= Timeline of the Kurukulam =

The following is a chronological overview of the history of the Karavas and Karaiyars caste of Sri Lanka and India. Both communities were historically also known as Kurukulam, meaning Kuru clan.

== Medieval period ==
- Under the reign of Virarajendra Chola (1063-1070 CE), the Chola rule ended through a rebellion led by Vijayabahu I, under the chief Kurukulatta Raiyan (King of Kurukulam), mentioned in an inscription in Thirumukkulam, Tamil Nadu.
- The Karaiyar captain Meekaman lead the Chola troops and defeated the Mukkuvar chief Vediarasan and Moor chief Meera.
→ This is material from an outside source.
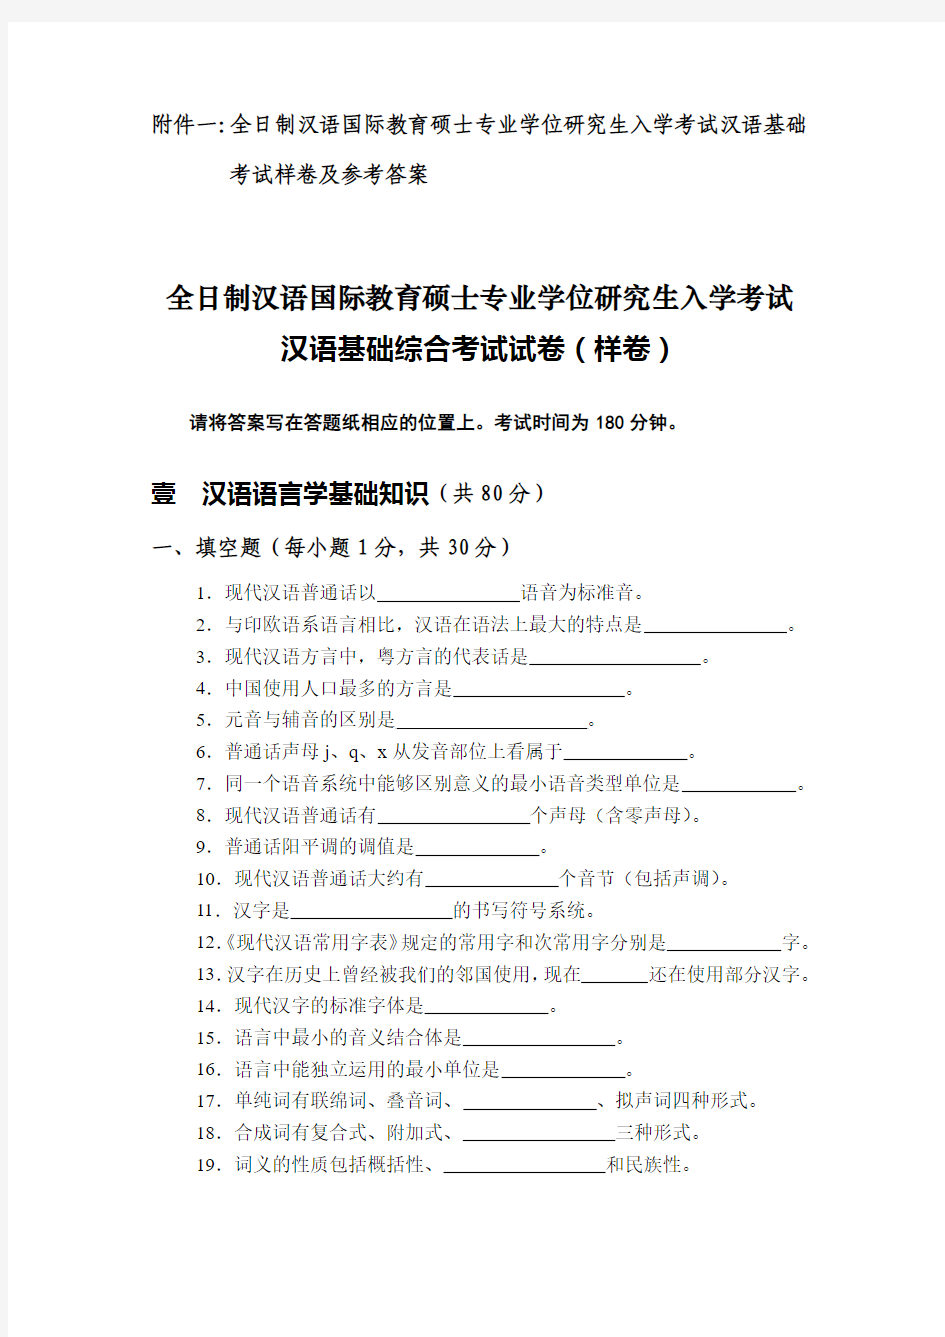 汉语基础综合考试试卷(样卷及答案)

The Delft Island fort is thought as his fort and is thill this day locally known as Meekaman Kottai or "fort of Meekaman".
- The Mukkara Hatana, an old palm leaf manuscript from Sri Lanka, is an account of the defeat of the Mukkuvar by the Karaiyars in the Saka era 1159 and the taking of the fort of Puttalam after a three-month siege.

== Colonial period ==

- Under the leadership of Karaiyar chiefs Migapulle Arachchi and Varunakulattan, aligned with the Thanjavur Nayak, fought with the Jaffna king Cankili II against the Portuguese in the conquest of the Jaffna kingdom.
- The Prince of Uva, Kuruvita Rala, who was a Karava revolted with his troops against the Portuguese and also raided the Kingdom of Kandy, driving the king Senarat out of his capital.
- Weerahannadige Patabendi Francisco Fernando alias Puran Appu, a Catholic Karava led a revolt against the colonial British in 1848.

==Independent period==
- The British establishment of Burma as a separate unit from its Indian empire in the 1930s, harmed the flourishing trade that was accomplished by the Karaiyars. The Karaiyars traditionally traded and shipped pearls, chanks, rice and other goods to India, Myanmar and Indonesia which was heavily restricted and controlled under the British government.
- Karavas formed the elites under colonial era. Several Karavas, such as James Peiris, fought for the Sri Lankan independence movement
- The Janatha Vimukthi Peramuna, was founded by Rohana Wijeweera. Wijeweera and many other Karavas, formed the leadership of this organization.
- The Liberation Tigers of Tamil Eelam, was founded by Velupillai Prabhakaran. Prabhakaran and many other Karaiyars, formed the leadership of this organization.
- Chief Karava families such as the de Mels, the Peiris and the Soysas were heavily involved in estate-owning sector, mainly in coconut and rubber. Entrepreneuring Karavas controlled important commercial groups such as Mackwoods Ltd, Brown's Group Ltd, Richard Pieris Ltd and J. L. M. Fernando's group.